I’ve known this for about two weeks.  And for two weeks I’ve been having an internal breakdown with a smile plastered on my face.  I know that regardless of what the biopsy says, this isn’t going to kill me.  Thyroid disease will not be the end of me, thyroid cancer will not be the end of me.  I’ve spent two weeks reading about the odds, the outcomes, the treatments, the success stories.  This is all very treatable.  Knowing that I will be fine doesn’t make it any less scary.  It doesn’t remove the fear and anxiety that comes along with any medical situation.

As I start to come up from air following my quiet breakdown, I’m beginning to feel calm again.  I’m beginning to feel like everything will be okay eventually.  I know that I will feel worse before I feel better, I know that change is in my future, but it feels manageable again.  It feels less scary.

Here’s what I need you to know:

I feel shitty 99% of the time, but not any more that I did a month ago or two months ago.  I’ve had these symptoms for awhile now.
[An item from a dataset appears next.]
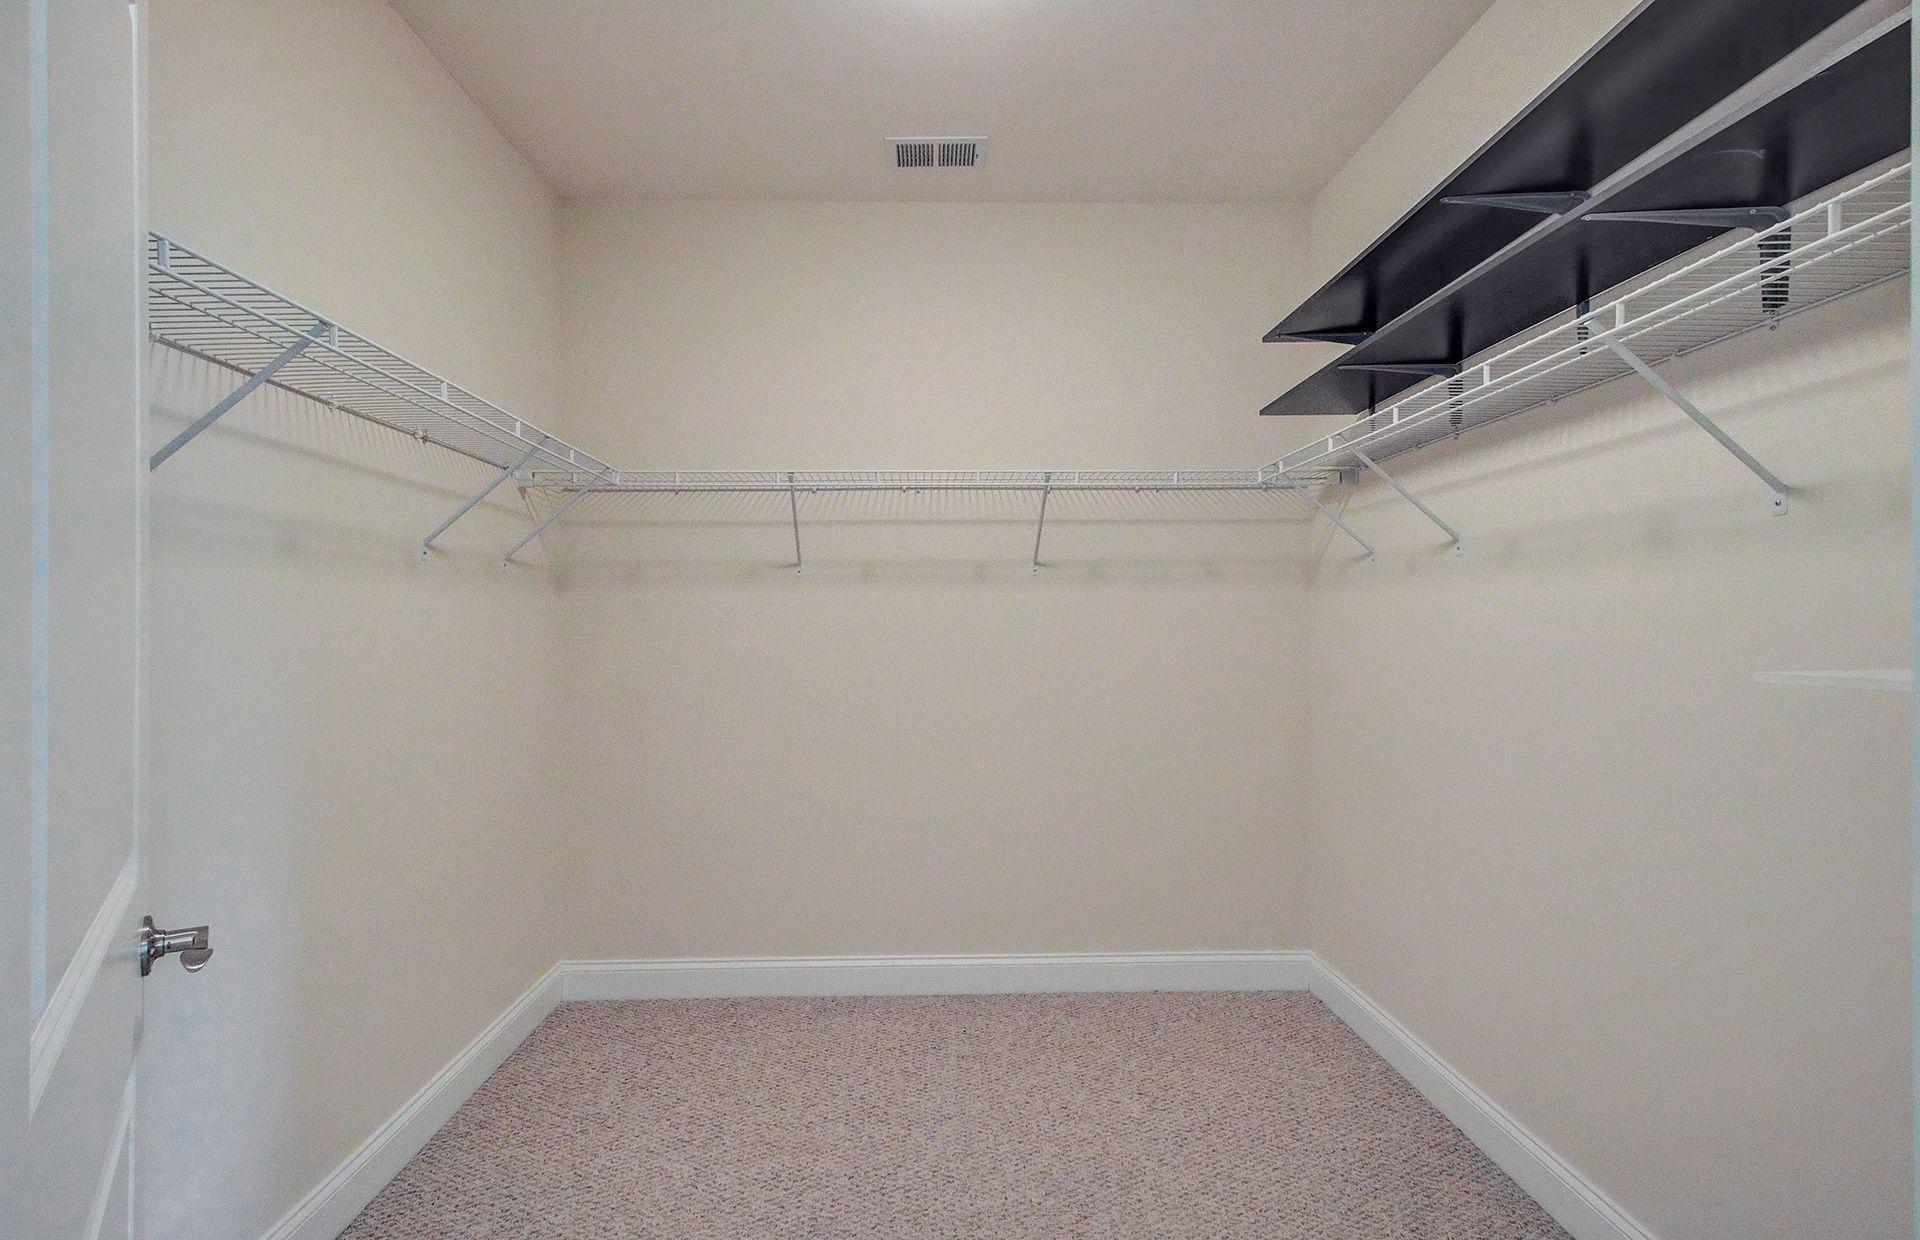 Linnen Place Homes For Sale - 1275 Shingleback, Mount Pleasant, SC - 27
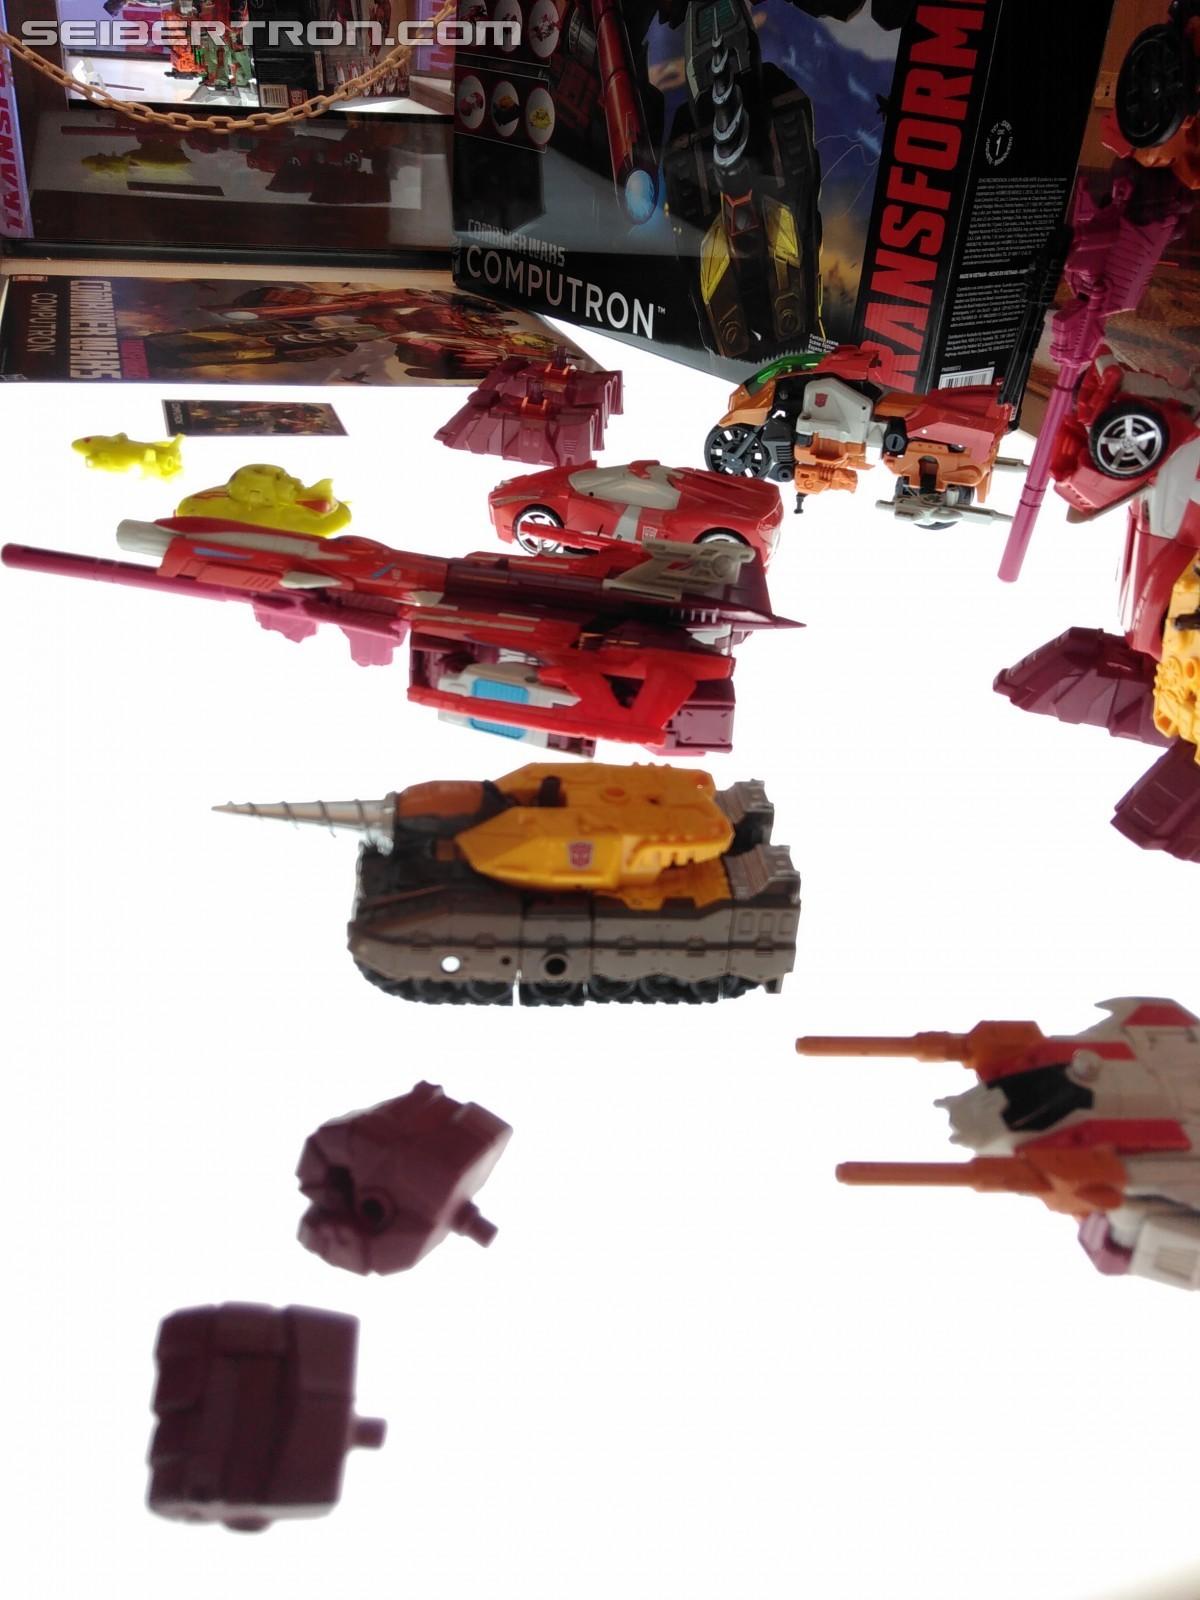 Transformers News: #Botcon2016 Galleries: Hasbro Floor Display - Wave 2 Titans Return, Computron +Technobots, Liokaiser

I need patience from others more than anything.  I’m not fragile, I’m not dying.  I’m not incapable of functioning and I’d like to not be treated like I’m going to break if I work too hard.  But I’m exhausted and forgetful right now.  I’m irritable and nauseous, I’m emotional and I’m stressed feeling.  Have patience with me – give me a minute to remember what I’ve forgotten, leave a stack of post-its for me so I can write myself a note,  forgive me if I need a nap sometimes or if I’m quieter than usual.  Some day I will be back to normal – or as close to it as I can.